DSCF2147

Oyez, oyez bonnes gens, aujourd'hui je vous emmène visiter le château du Landsberg, sur les hauteurs de Heiligenstein, à 590 mètres d'altitude environ.

Le château du Landsberg a été construit pour assurer la défenses des terres et des abbayes du Mont St Odile, de Nidermünster, de Truttenhausen et d'Andlau par le compte palatin Otton de Bourgogne, frère de l'empereur Frédéric Hodhenstaufen  vers 1190.

Petit rappel : Le pouvoir temporel s'est appuyé sur le pouvoir spirituel pour pouvoir s'étendre. Avec la christianisation de la contrée, les abbayes ont fleurit partout et se sont très bien multipliées. Mais avec le temps, ben, le pouvoir du clergé allant grandissant, les Seigneurs se sont retrouvé en concurrence avec ce dernier.

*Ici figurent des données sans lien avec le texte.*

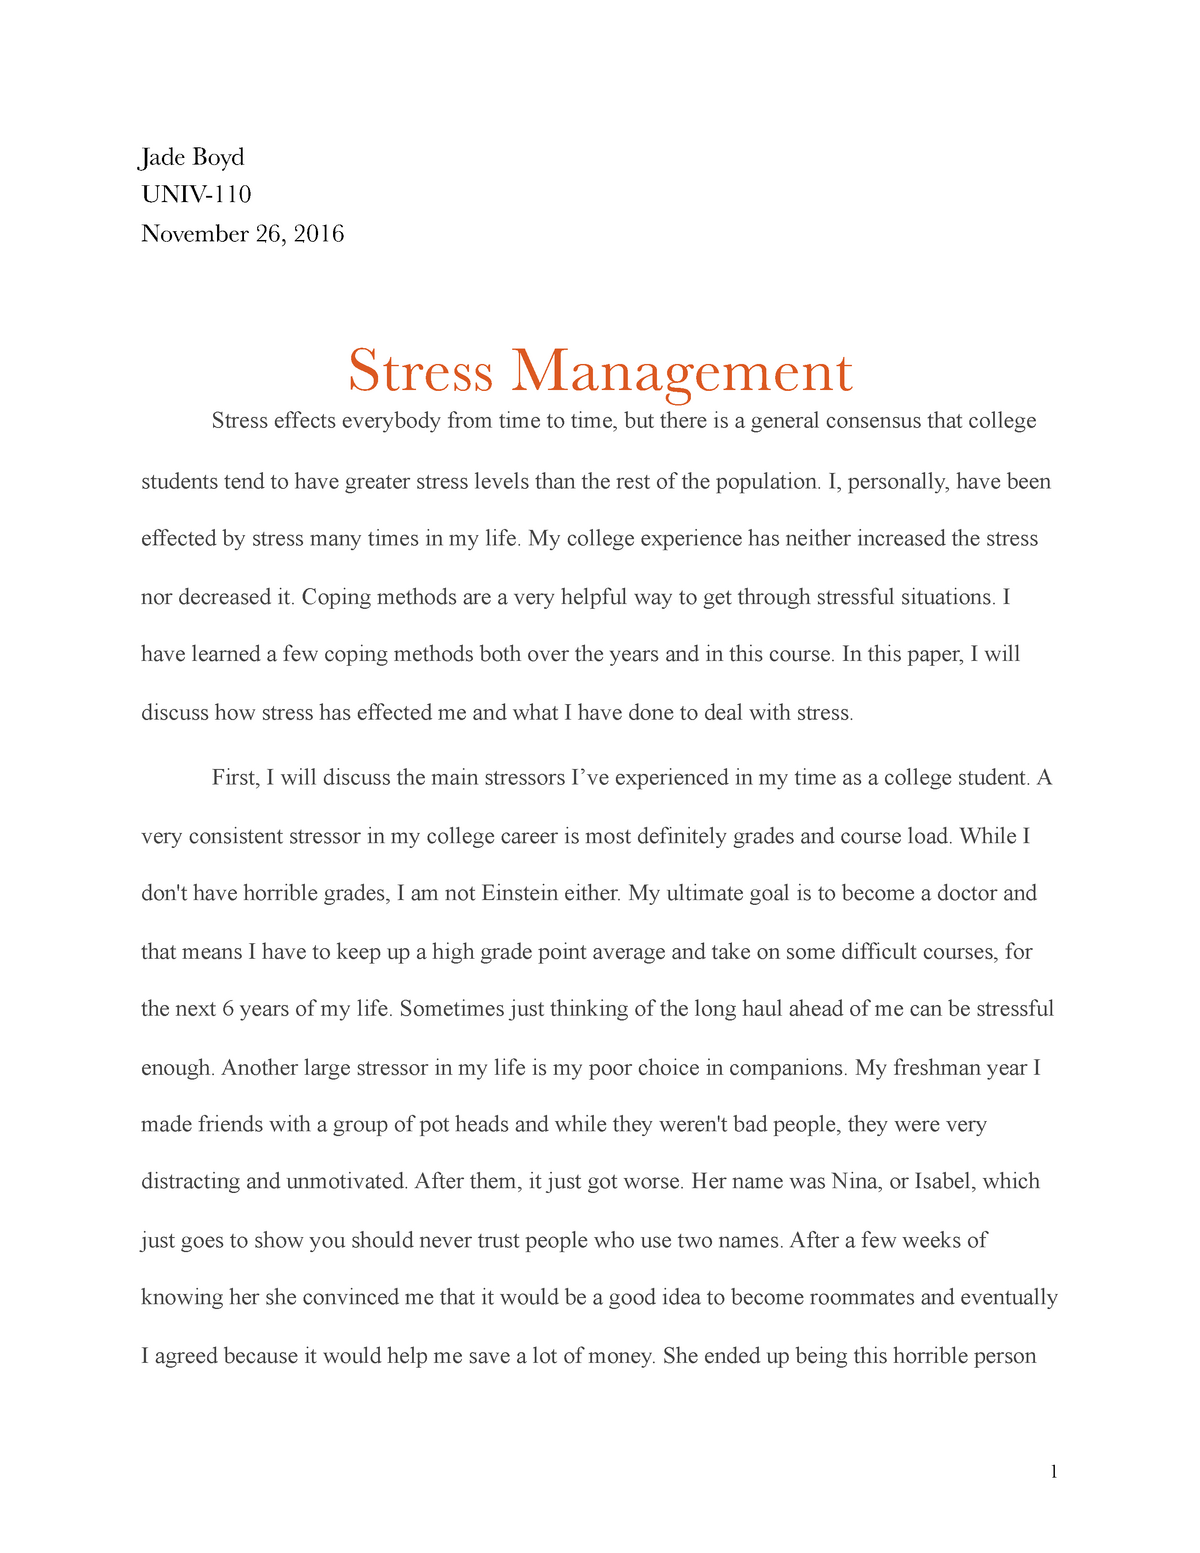 stress narrative essay

Ils ont donc choisis des endroits stratégiques pour construire leurs forteresses quitte à négocier après construction, les modalités de transfert des droits de propriété, partant du principe "j'y suis, j'y reste"

Chateau_de_Landsberg_Stuber_by_1870

C'est ce qui c'est passé ici pour la construction du Landsberg : Bien que les Staufen (Hohenstaufen) soient les avoués, càd les ministériels (traduit ça par les "protecteurs") des abbayes sus citées, ils poussent leurs vassaux à construire les châteaux sur des terres ne leurs appartenant pas, et ce n'est qu'en 1200 que l'abesse de Hohenbourg (Mont St Odile) leurs vend la parcelle sur laquelle est construite le château de Landsberg. Et c'est le chevalier Conrad de Landsberg qui est nommé par charte comme ayant droit sur le château.

C'est lui aussi (Le chevalier Conrad de Lansdberg) qui va entamer les "grands" travaux du château, grands travaux qui seront achevé par Woelflin, bailli impérial, en 1220.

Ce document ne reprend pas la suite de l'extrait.